Treat servers as disposable resources
One of the biggest advantages of cloud computing is that you can treat your servers as disposable resources instead of fixed components. However, resources should always be consistent and tested. One way to enable this is to implement the immutable infrastructure pattern, which enables you to replace the server with one that has the latest configuration instead of updating the old server.
It is important to keep the configuration and coding as an automated and repeatable process, either when deploying resources to new environments or increasing the capacity of the existing system to cope with extra load. Bootstrapping, Golden Images or a Hybrid of the two will help you keep the process automated and repeatable without any human errors.
Bootstrapping can be executed after launching an AWS resource with default configuration. This will let you reuse the same scripts without modifications.
But in comparison, the Golden Image approach results in faster start times and removes dependencies to configuration services or third-party repositories. Certain AWS resource types like Amazon EC2 instances, Amazon RDS DB instances, Amazon Elastic Block Store (Amazon EBS) volumes, etc., can be launched from a golden image.
When suitable, use a combination of the two approaches, where some parts of the configuration get captured in a golden image, while others are configured dynamically through a bootstrapping action.
Not to be limited to the individual resource level, you can apply techniques, practices, and tools from software development to make your whole infrastructure reusable, maintainable, extensible, and testable.
Automate Automate Automate
Unlike traditional IT infrastructure, Cloud enables automation of a number of events, improving both your system’s stability and the efficiency of your organization. Some of the AWS resources you can use to get automated are:
- AWS Elastic Beanstalk: This resource is the fastest and simplest way to get an application up and running on AWS. You can simply upload their application code and the service automatically handles all the details, such as resource provisioning, load balancing, auto scaling, and monitoring.
- Amazon EC2 Auto recovery: You can create an Amazon CloudWatch alarm that monitors an Amazon EC2 instance and automatically recovers it if it becomes impaired. But a word of caution – During instance recovery, the instance is migrated through an instance reboot, and any data that is in-memory is lost.
- Auto Scaling: With Auto Scaling, you can maintain application availability and scale your Amazon EC2 capacity up or down automatically according to conditions you define.
- Amazon CloudWatch Alarms: You can create a CloudWatch alarm that sends an Amazon Simple Notification Service (Amazon SNS) message when a particular metric goes beyond a specified threshold for a specified number of periods.
- Amazon CloudWatch Events: The CloudWatch service delivers a near real-time stream of system events that describe changes in AWS resources. Using simple rules that you can set up in a couple of minutes, you can easily route each type of event to one or more targets: AWS Lambda functions, Amazon Kinesis streams, Amazon SNS topics, etc.

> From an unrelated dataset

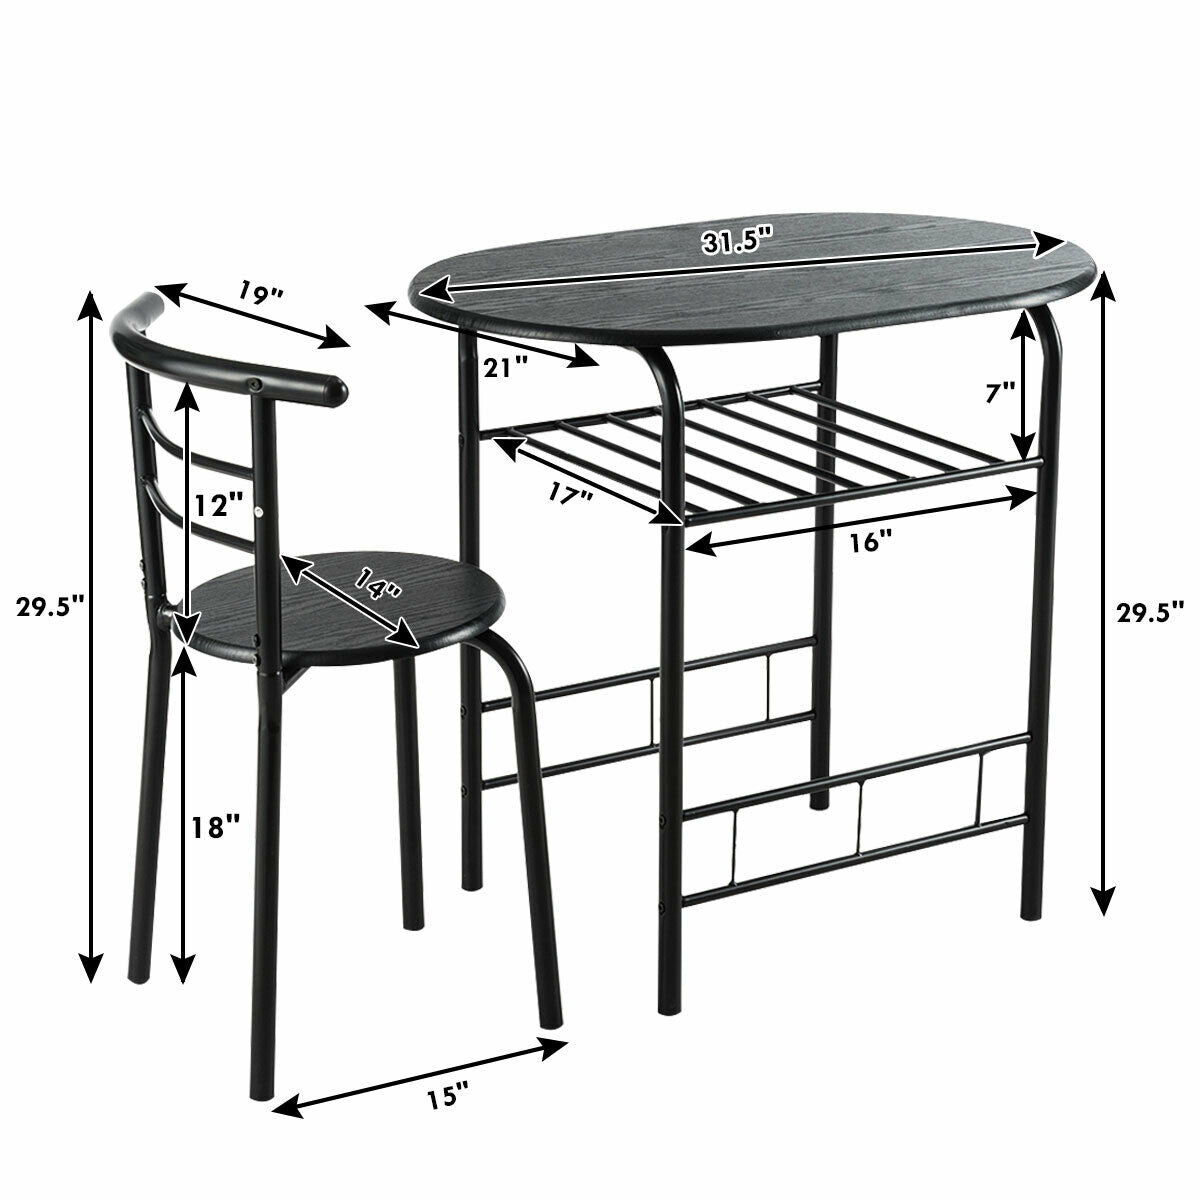 Easy Assembly: This elegant wooden table and chair set seamlessly blends with your home decor. With clear instructions and all necessary accessories included, the wooden round table and two chairs are easy to assemble. The overall dimensions of the table are 31.5" x 21" x 29.5" (L x W x H), while each chair measures 14" x 30" (Dia. x H).

- AWS OpsWorks Lifecycle events: AWS OpsWorks supports continuous configuration through lifecycle events that automatically update your instances’ configuration to adapt to environment changes. These events can be used to trigger Chef recipes on each instance to perform specific configuration tasks.
- AWS Lambda Scheduled events: These events allow you to create a Lambda function and direct AWS Lambda to execute it on a regular schedule.
As an architect for the AWS Cloud, these automation resources are a great advantage to work with.
Implement loose coupling
IT systems should ideally be designed in a way that reduces inter-dependencies. Your components need to be loosely coupled to avoid changes or failure in one of the components from affecting others.
Your infrastructure also needs to have well defined interfaces that allow the various components to interact with each other only through specific, technology-agnostic interfaces. Modifying any underlying operations without affecting other components should be made possible.
In addition, by implementing service discovery, smaller services can be consumed without prior knowledge of their network topology details through loose coupling. This way, new resources can be launched or terminated at any point of time.
Loose coupling between services can also be done through asynchronous integration. It involves one component that generates events and another that consumes them. The two components do not integrate through direct point-to-point interaction, but usually through an intermediate durable storage layer. This approach decouples the two components and introduces additional resiliency. So, for example, if a process that is reading messages from the queue fails, messages can still be added to the queue to be processed when the system recovers.
Lastly, building applications in such a way that they handle component failure in a graceful manner helps you reduce impact on the end users and increase your ability to make progress on your offline procedures.
Focus on services, not servers
A wide variety of underlying technology components are required to develop manage and operate applications. Your architecture should leverage a broad set of compute, storage, database, analytics, application, and deployment services. On AWS, there are two ways to do that. The first is through managed services that include databases, machine learning, analytics, queuing, search, email, notifications, and more. For example, with the Amazon Simple Queue Service (Amazon SQS) you can offload the administrative burden of operating and scaling a highly available messaging cluster, while paying a low price for only what you use. Not only that, Amazon SQS is inherently scalable.
The second way is to reduce the operational complexity of running applications through server-less architectures. It is possible to build both event-driven and synchronous services for mobile, web, analytics, and the Internet of Things (IoT) without managing any server infrastructure.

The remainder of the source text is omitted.